[GIVEN INFORMATION]
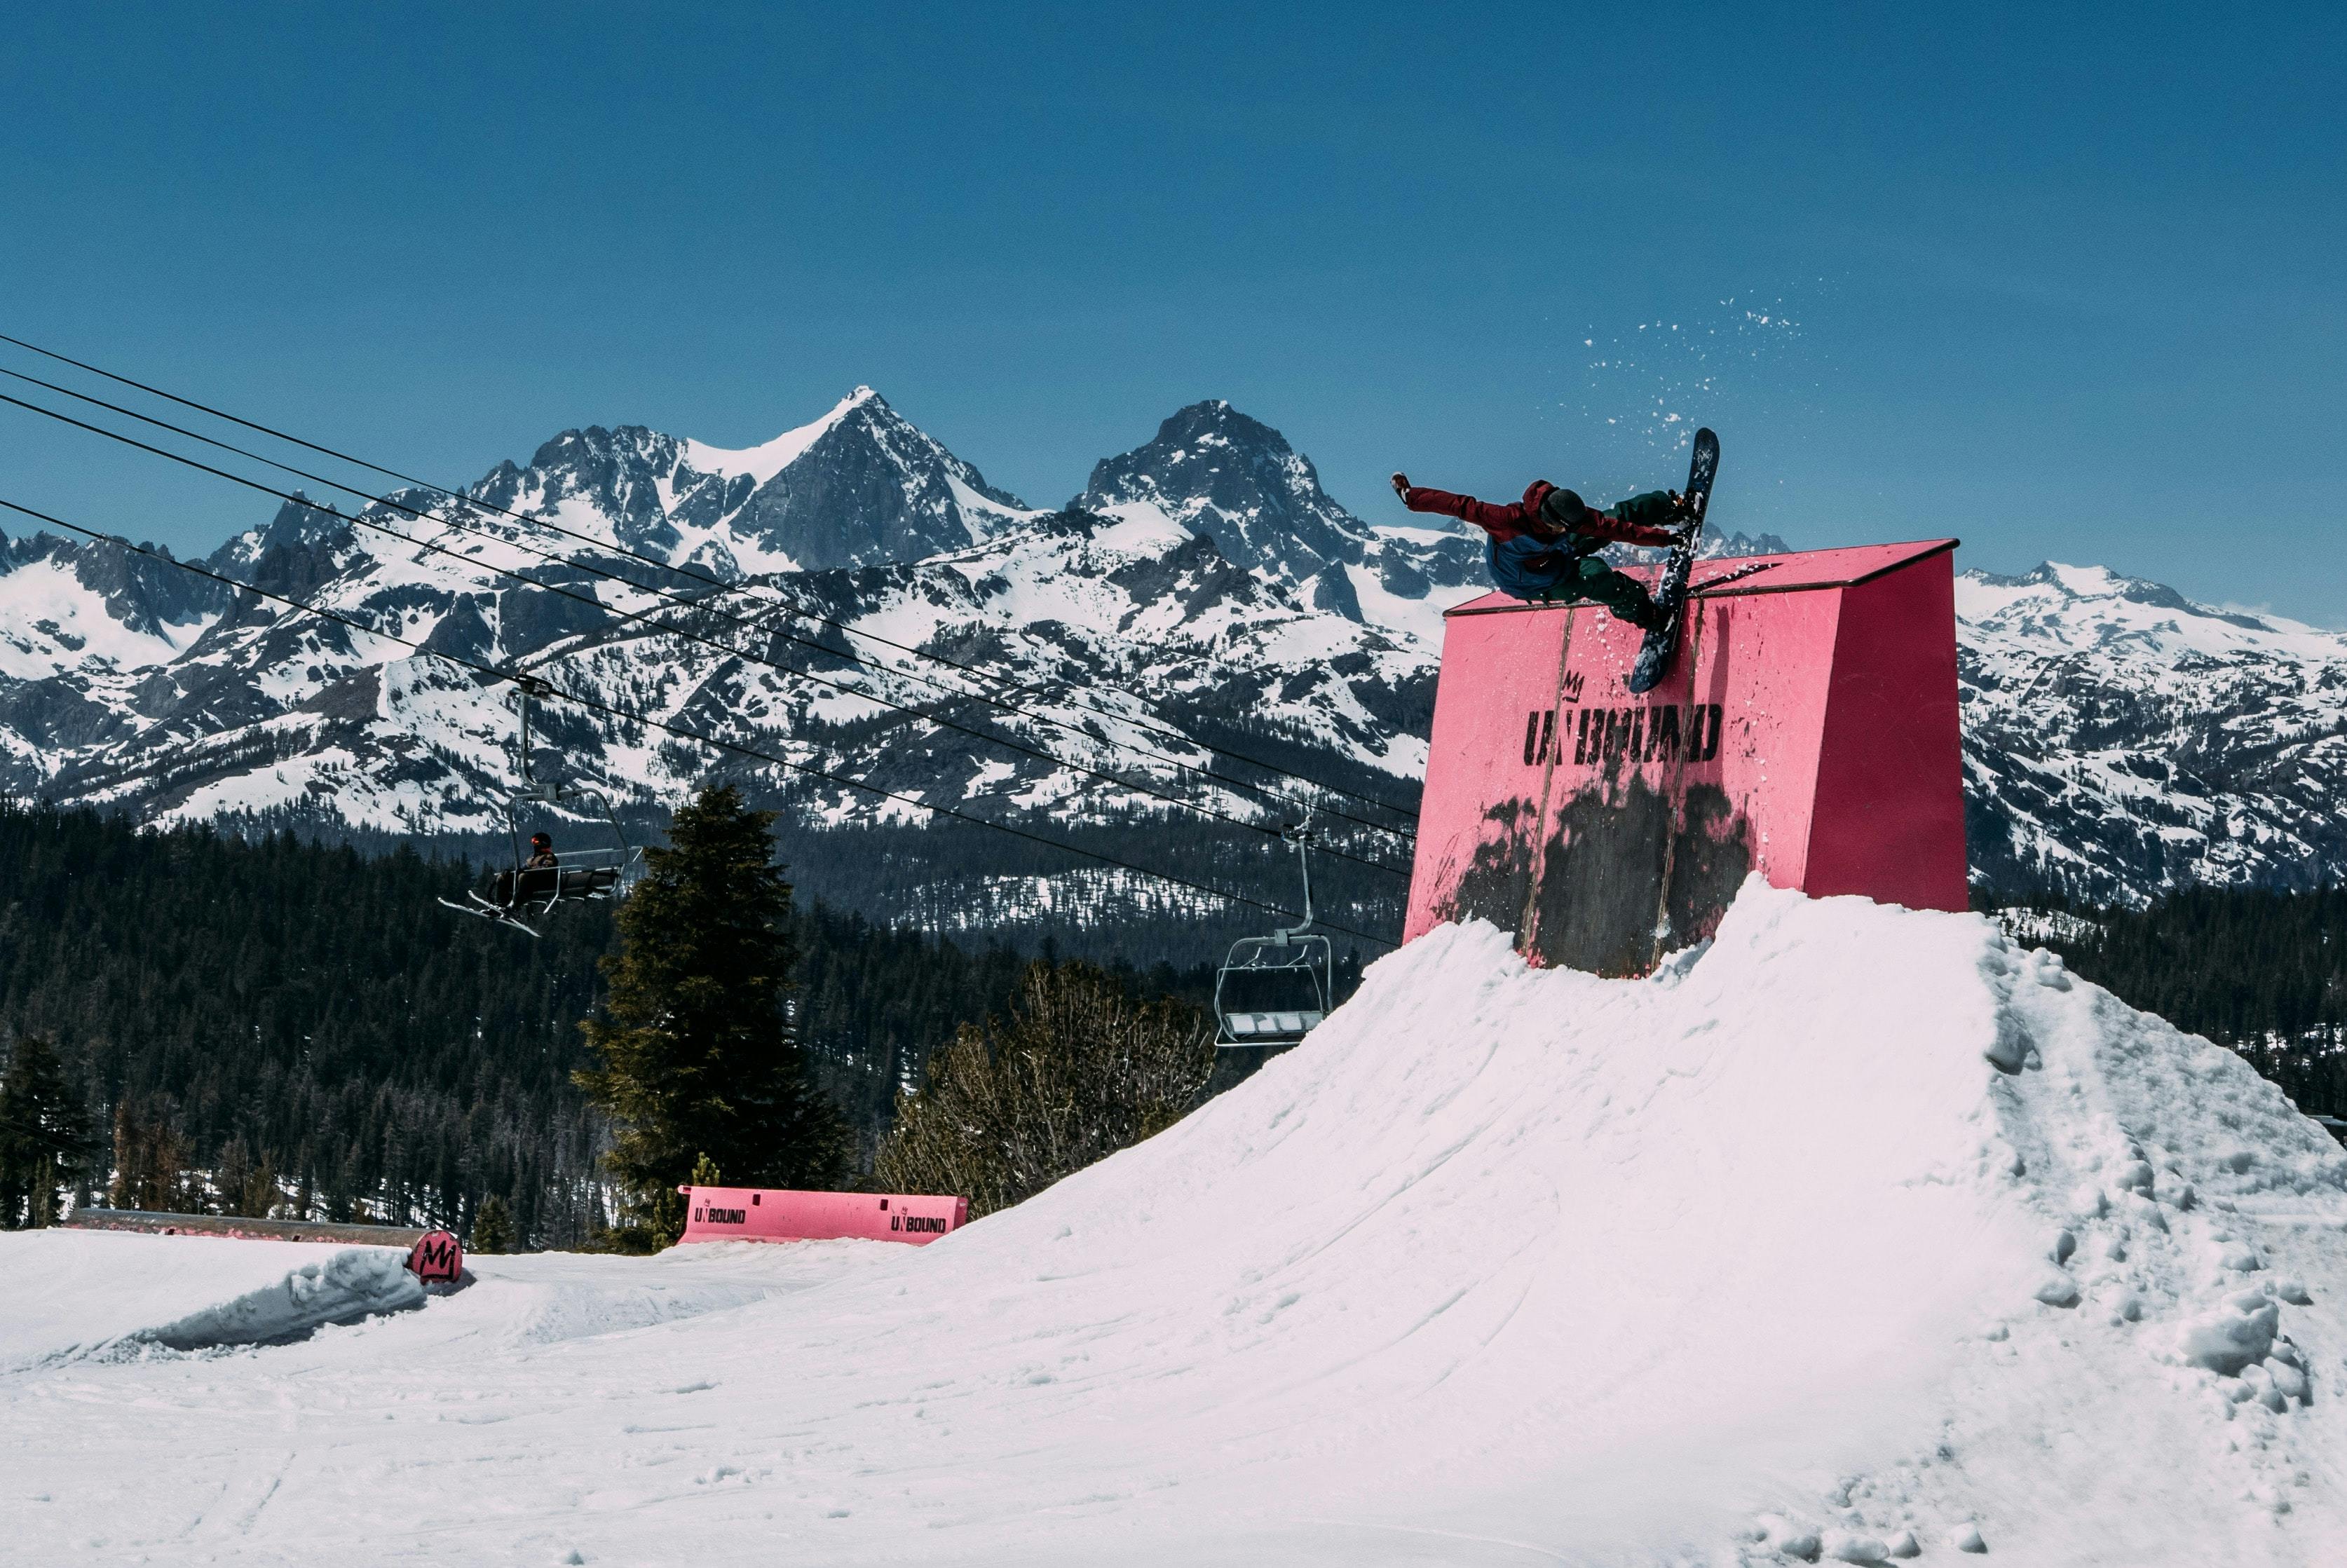 A snowboarder executes a trick on a red half wall with mountains in the background
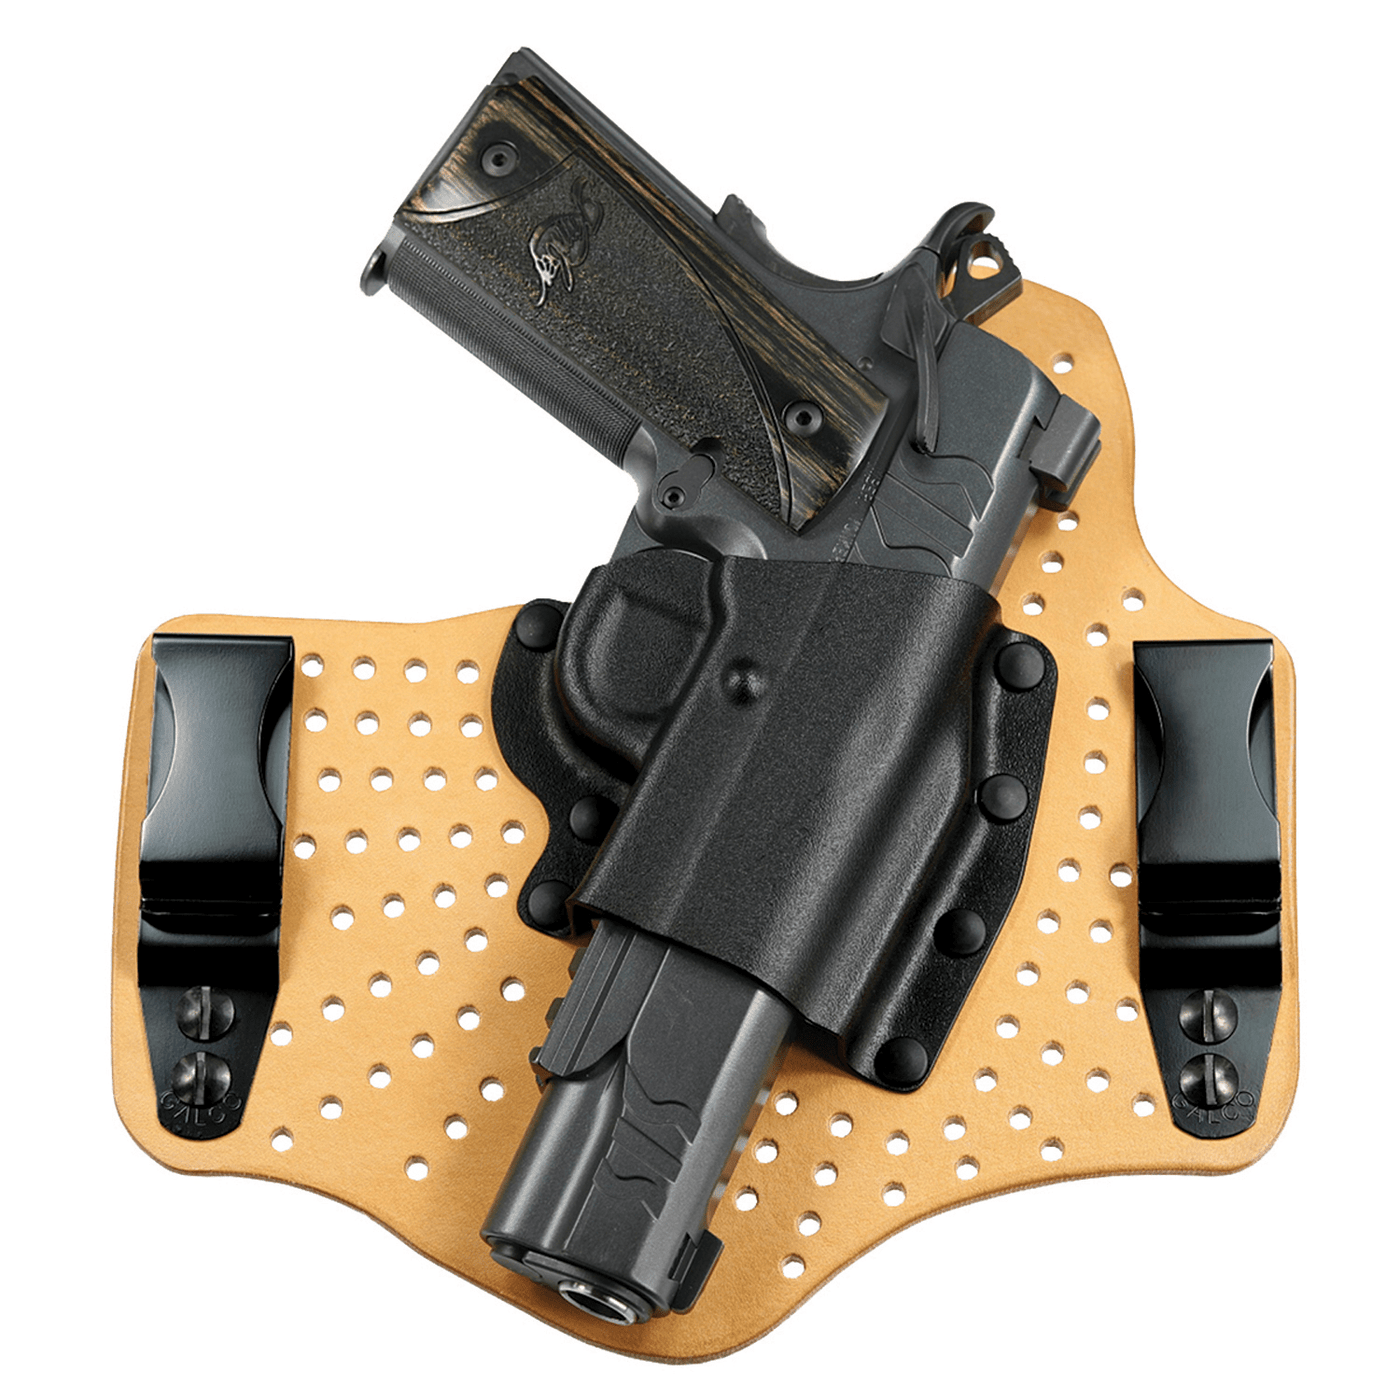 Galco Galco Kingtuk Air Iwb Holster - Rh Hybrid Glock 43 Natural Holsters And Related Items
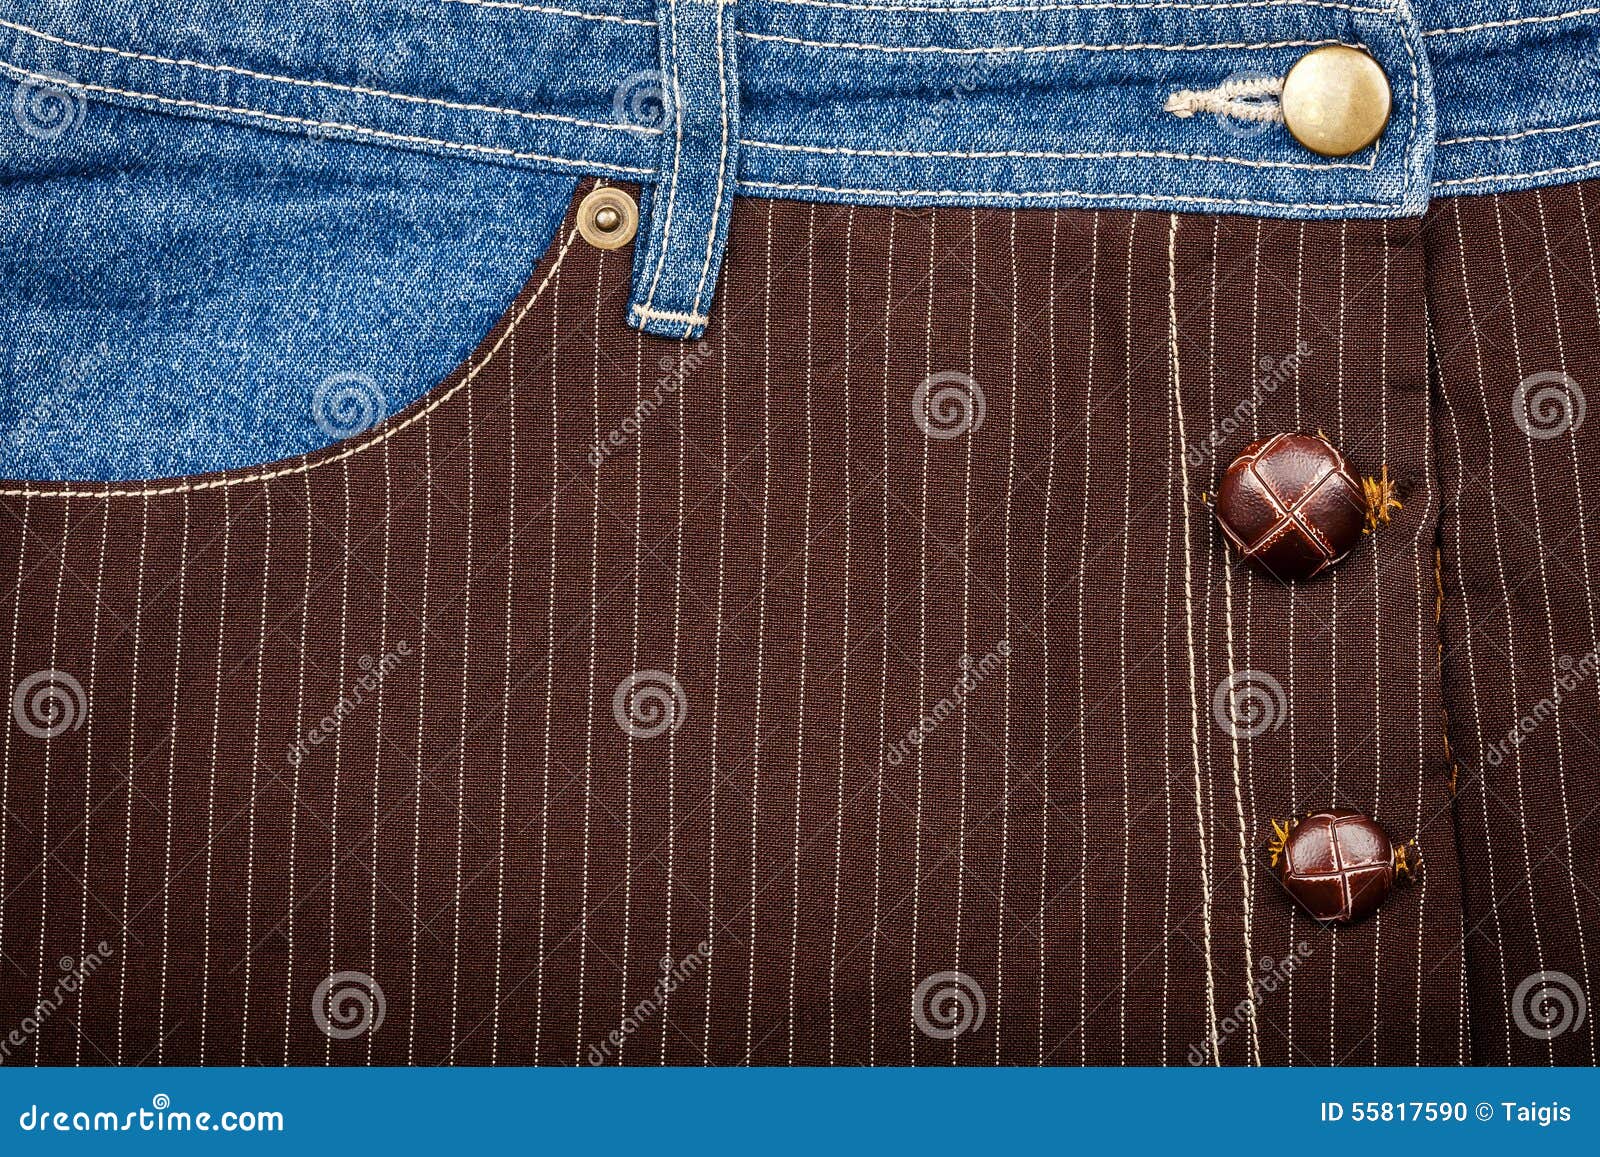 Jeans and Lined Brown Fabric Textures Stock Photo - Image of material ...
[/GIVEN INFORMATION]
EXERCISE DESCRIPTION :: Could you reproduce the data above exactly, without its pictures?

WRITTEN ANSWER ::
 A snowboarder executes a trick on a red half wall with mountains in the background
 Galco Galco Kingtuk Air Iwb Holster - Rh Hybrid Glock 43 Natural Holsters And Related Items
 Jeans and Lined Brown Fabric Textures Stock Photo - Image of material ...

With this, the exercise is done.